We started off with some pre-meal goodies–parmesan tulles and black truffle dusted popcorn (a personal favorite!).  We also were served some delicious amuse bouches—the world’s smallest baked potato, a Valrhona chocolate sandwich filled with foie gras, and a bloody mary gelée.  The introductory courses ended with a shot of white bean soup and a puffed cheese pastry.

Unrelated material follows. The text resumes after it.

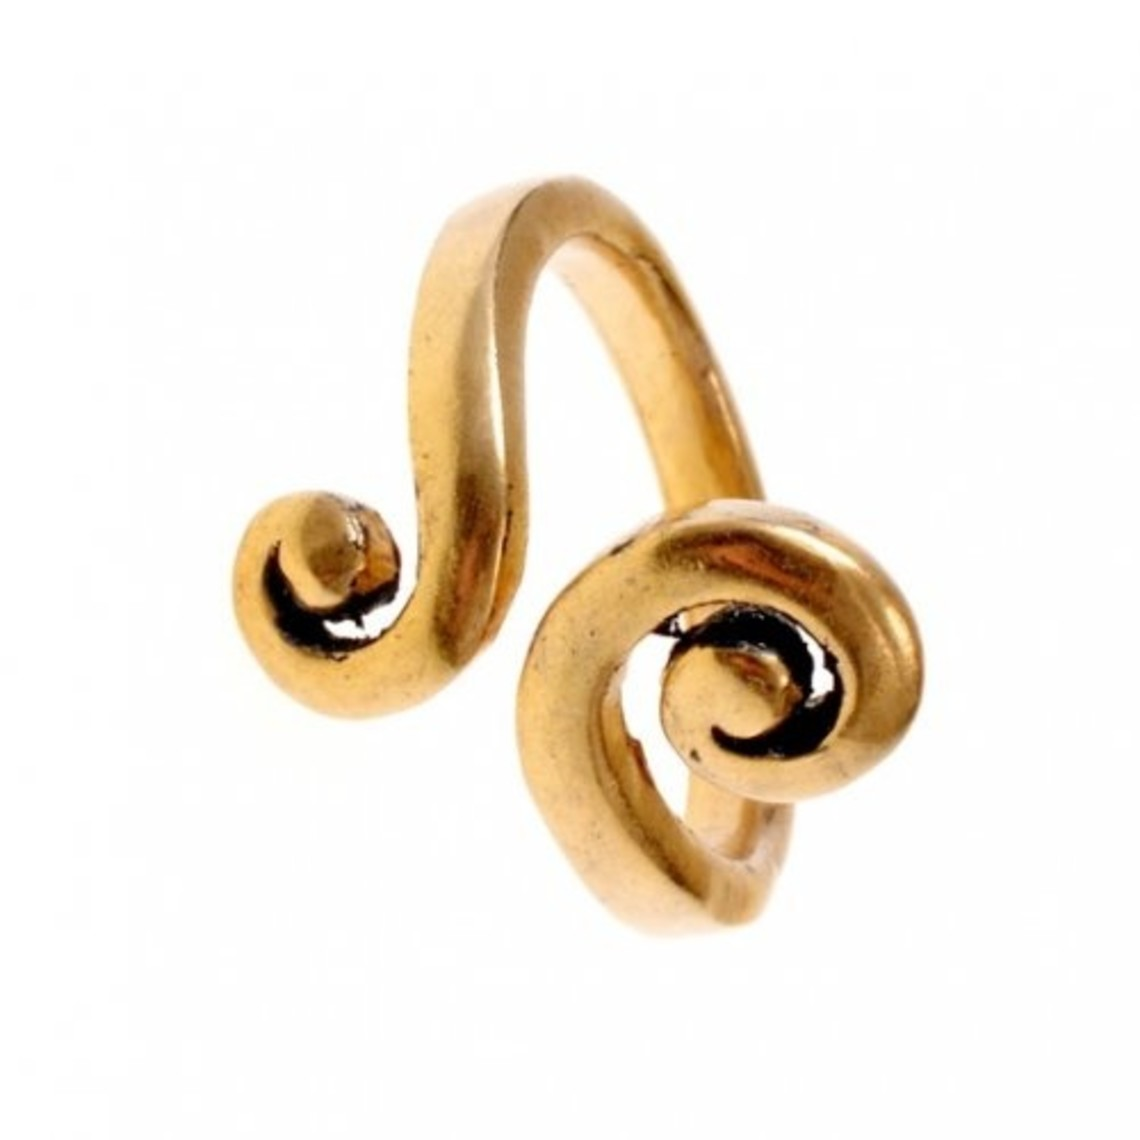 Keltische ring met gestyleerd spiraalmotief, brons

amuse boucheswhite bean soup

Next came a quartet of Rappahannock River “Barcat” Oyster Slurpees.  From left to right, they came accompanied with a small scoop of tomato sorbet, cucumber sorbet, cocktail sauce sorbet, and wasabi sorbet.  The wine served with this course was a Veuve Fourny et Fils, Brut Rosé, Vertus, 1er Cru Champagne.

oyster slurpees

The next course (and one of our favorites) was a Pan Seared Gulf Shrimp with House Made Sweet Chorizo and Shishito Peppers on Charred Onions.  The paired wine for this course was a 2009 Quinta de Sant’Ana, Fernão Pires, Mafra from Lisboa, Portugal.

grilled shrimp

Another favorite was the Miniature Filet of Cod Sauté with Lemon Vodka Sauce and Lilliputian Shrimp Dumplings, which was served with a 2007 Verget, Les Clous, Meursault from Burgundy, France.

cod with dumplings

Then came the Maine Day Boat Scallop Sautéed with Tomato Gnocchi, Capers, Brown Butter, and Lemon accompanied by a glass of 2006 Marc Sorrel, Les Rocoules, Hermitage Blanc from the Rhône Valley in France.  I am generally not a fan of white wine, but this wine had a lot of tannin in it and was very rich and dense—much more like a red wine than a typical white, which is probably why it was my favorite white wine of the evening.

scallops

A surprisingly good Roast Pheasant on Savoy Cabbage Braised in Champagne with Truffle Jus followed.  I am not a huge fan of game birds, but this dish minimized the gamey flavor of the pheasant and the savoy cabbage was a nice accompaniment.  It was served with a 2001 Hermanos Pecina, Vendimia Seleccionada Reserva from Rioja, Spain.  This wine was very much like a pinot noir—a red wine but lighter in texture and flavor than something like a cabernet sauvignon.  (Note the firefly on the serving dish–a fun and whimsical touch!)

roast pheasant

The top rated dish of the evening was next:  Blackened Wagyu Rib Eye with Bone Marrow Custard and Red Wine Risotto.  The beef had been blackened with pepper and espresso and was tender, marbled, and divine.  Accompanying the dish was a 2005 Ladera, Howell Mountain, Cabernet Sauvignon from Napa Valley—a big bold red wine with lots of flavor.

wagyu ribeye

The pre-dessert (or, as the Inn calls it, the palate cleanser) was a Pineapple-Lemongrass Sorbet with Pink Peppercorn Granita.

pineapple sorbet

And the final dish of the night was a Warm Chocolate Bread Pudding and Almond Ice Cream Perfumed with Black Truffle accompanied by a glass of 1994 Blandy’s, Island Bottled Malmsey from Madeira, Portugal.  The Madeira was toffee and caramel colored, and it was amazing that a color like that could come solely from grapes.  It was also rich and sweet and a perfect dessert wine.  (The bread pudding wasn’t bad either.)  🙂

chocolate bread pudding

We eat at the Inn more often than we sometimes are willing to admit in public and have had many wonderful meals there over the years.  This meal stood out even amongst all the other meals.  It definitely deserves an A+.